*Task prompt*. All that is needed is the lines from the one containing "カスタードクッキー21枚入り(福岡便)" through the end of the listing, printed exactly, with no pictures among them.

*Dataset content*.
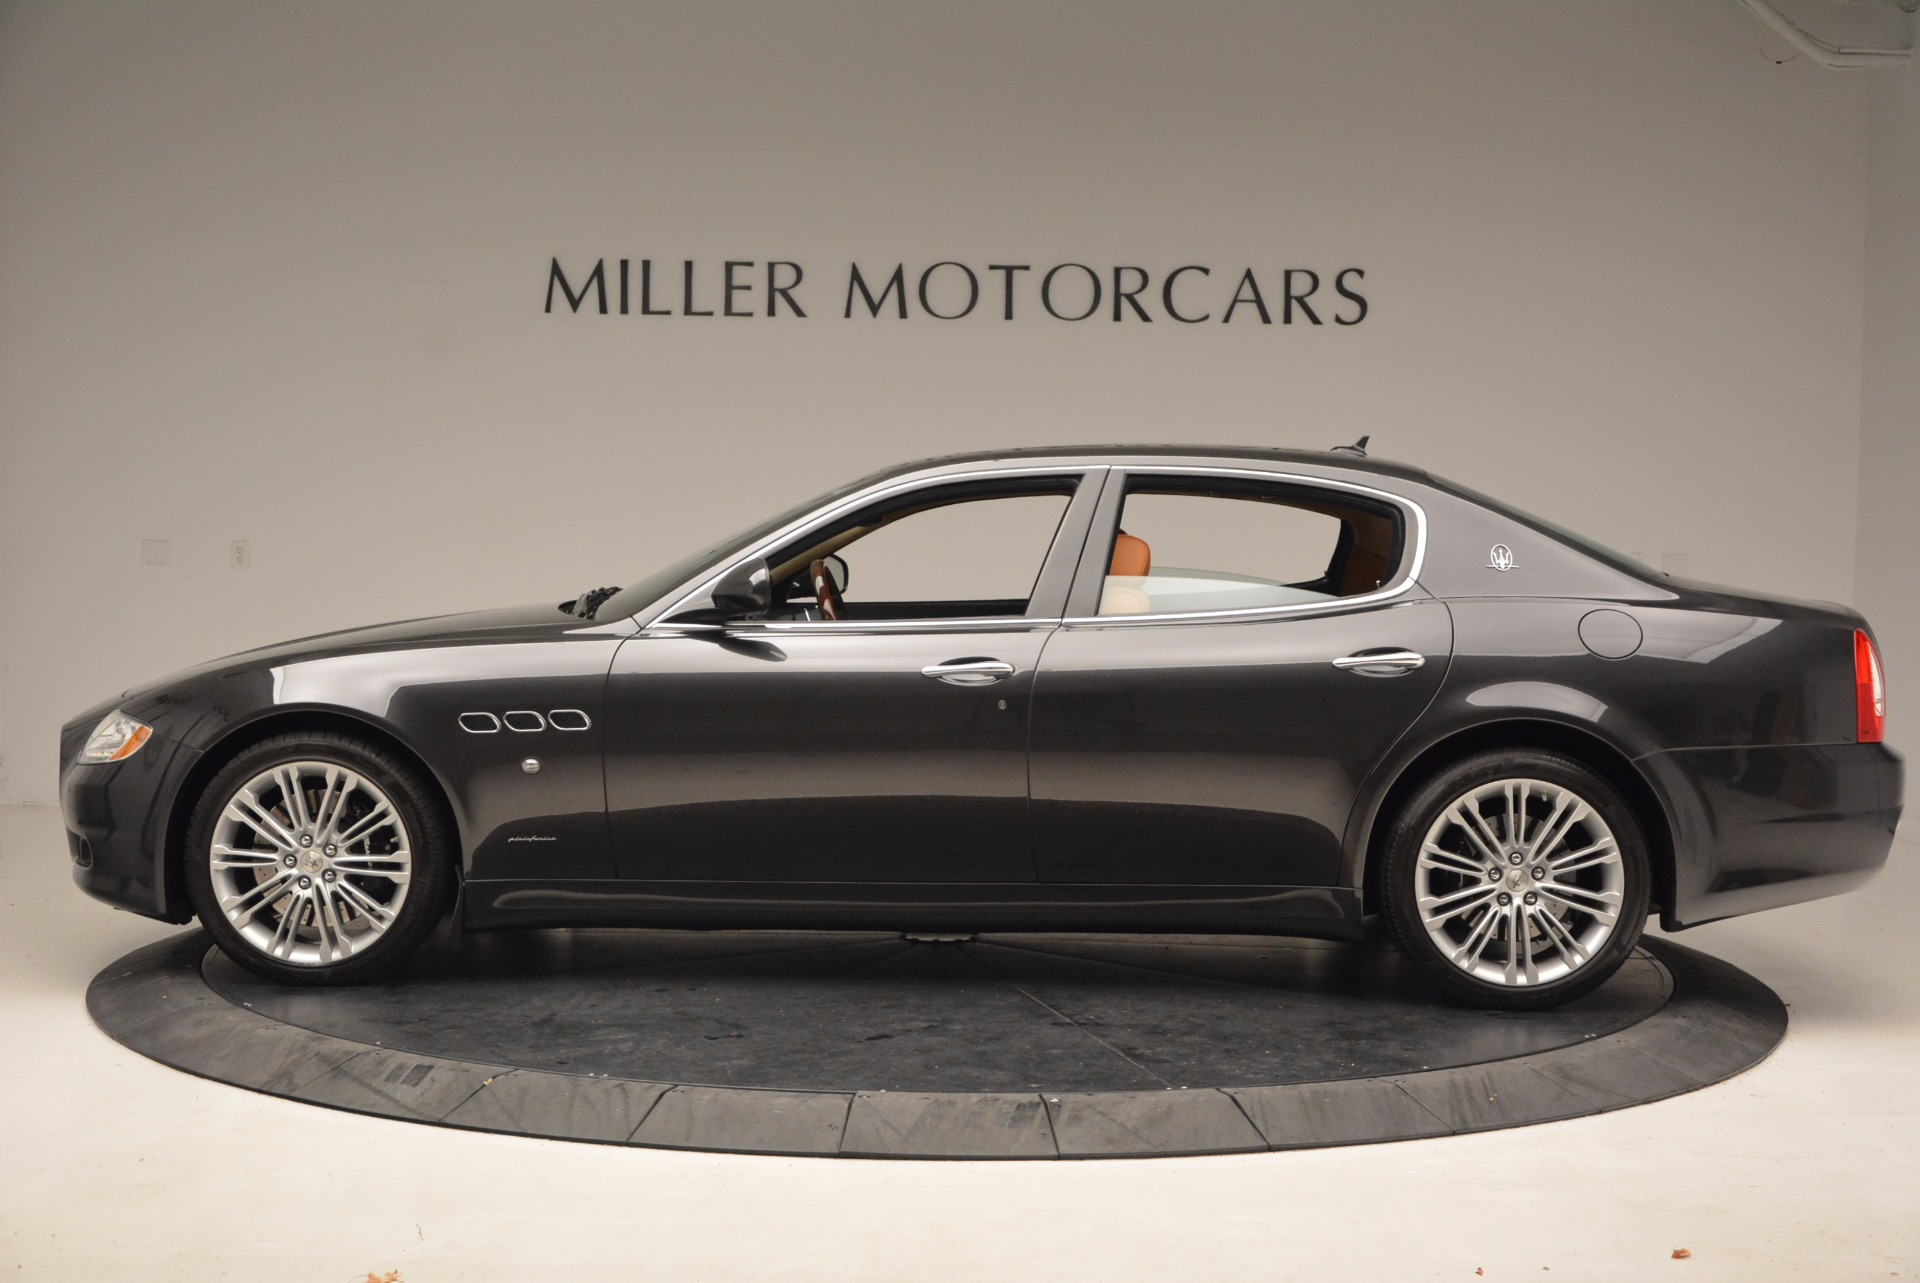 Used 2010 Maserati Quattroporte S For Sale In Greenwich, CT. Alfa Romeo of Greenwich, 7279 1551_p15
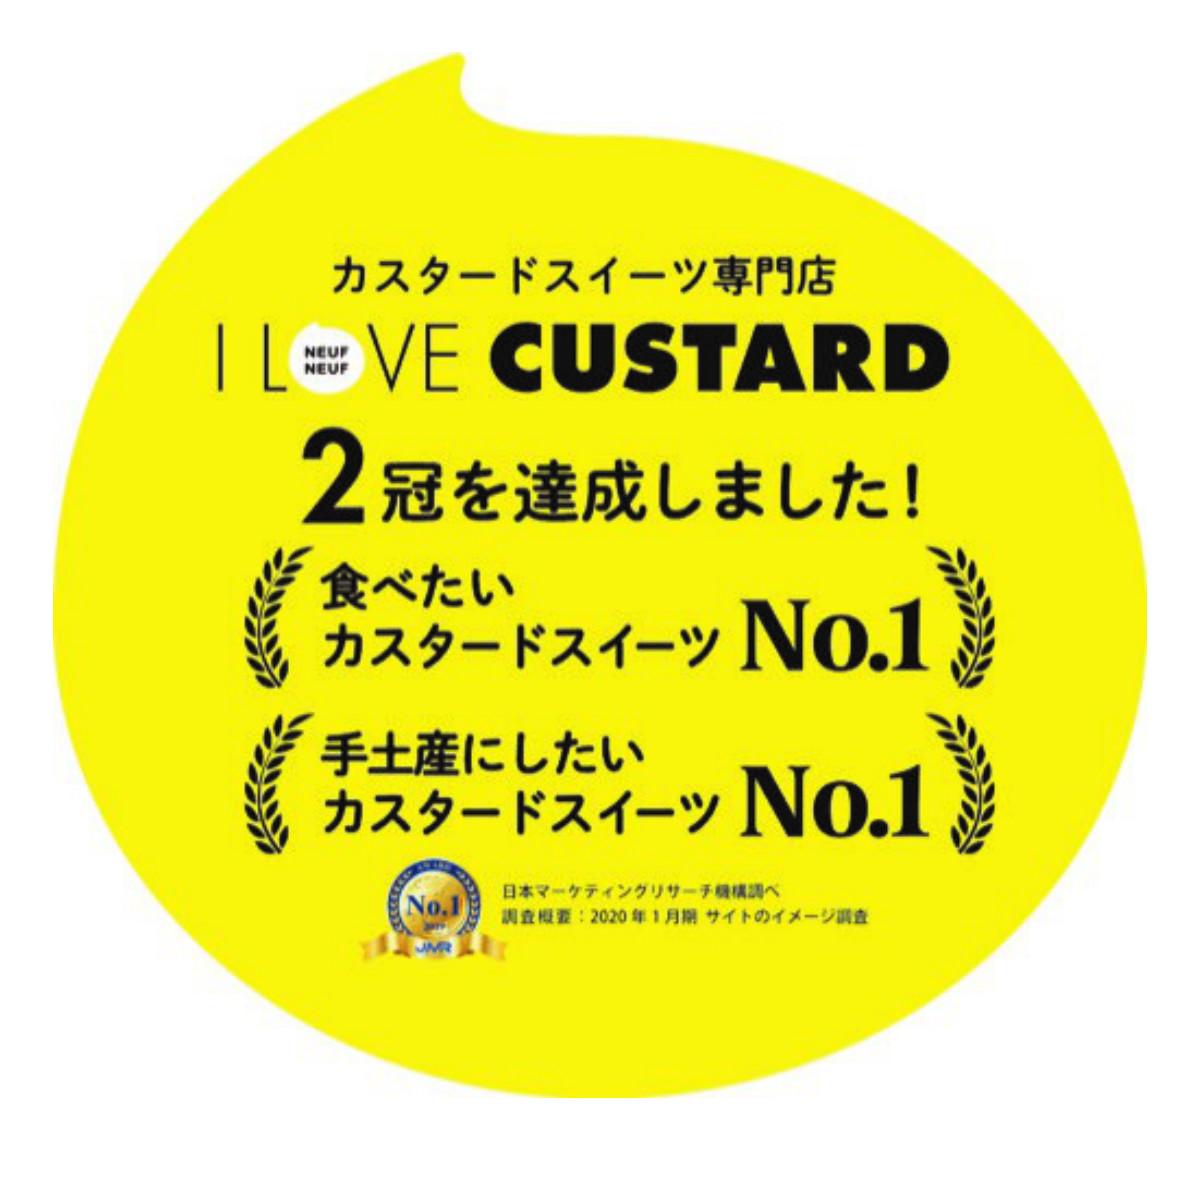 カスタードクッキー21枚入り(福岡便)
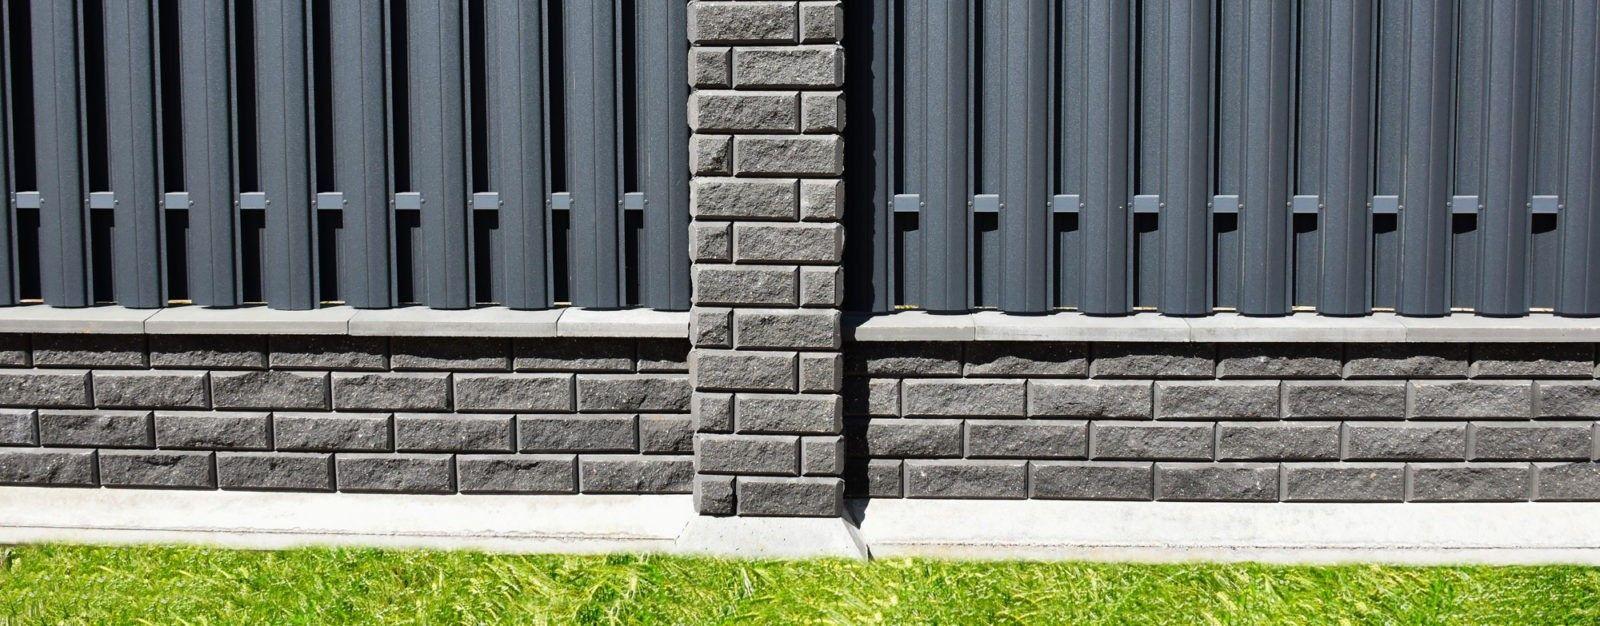 betonnye-blocki
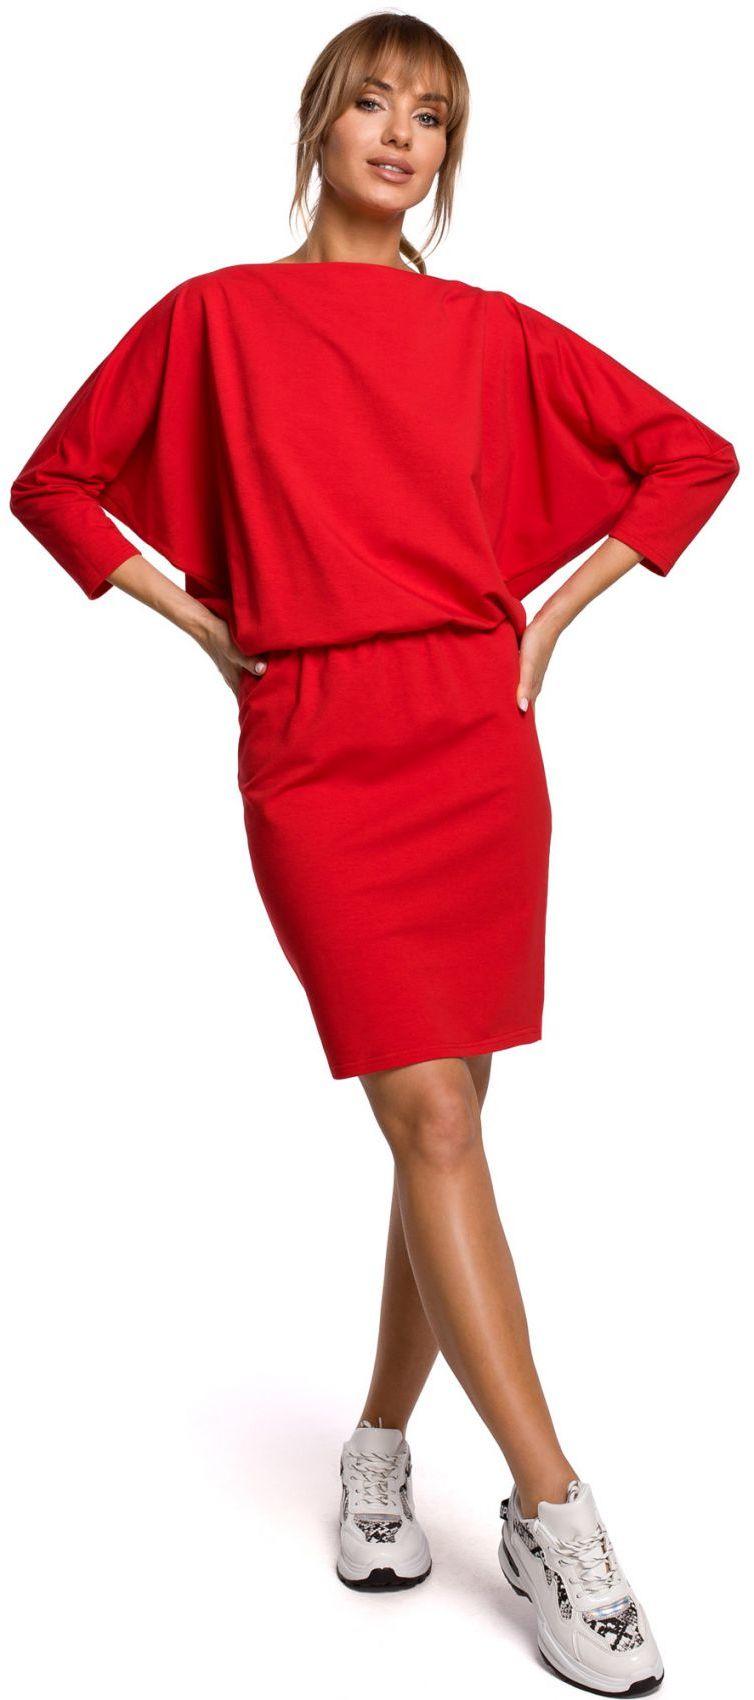 M495 Sukienka mini z lampasem do regulacji z tyłu - czerwona

*Response*.
 カスタードクッキー21枚入り(福岡便)
 betonnye-blocki
 M495 Sukienka mini z lampasem do regulacji z tyłu - czerwona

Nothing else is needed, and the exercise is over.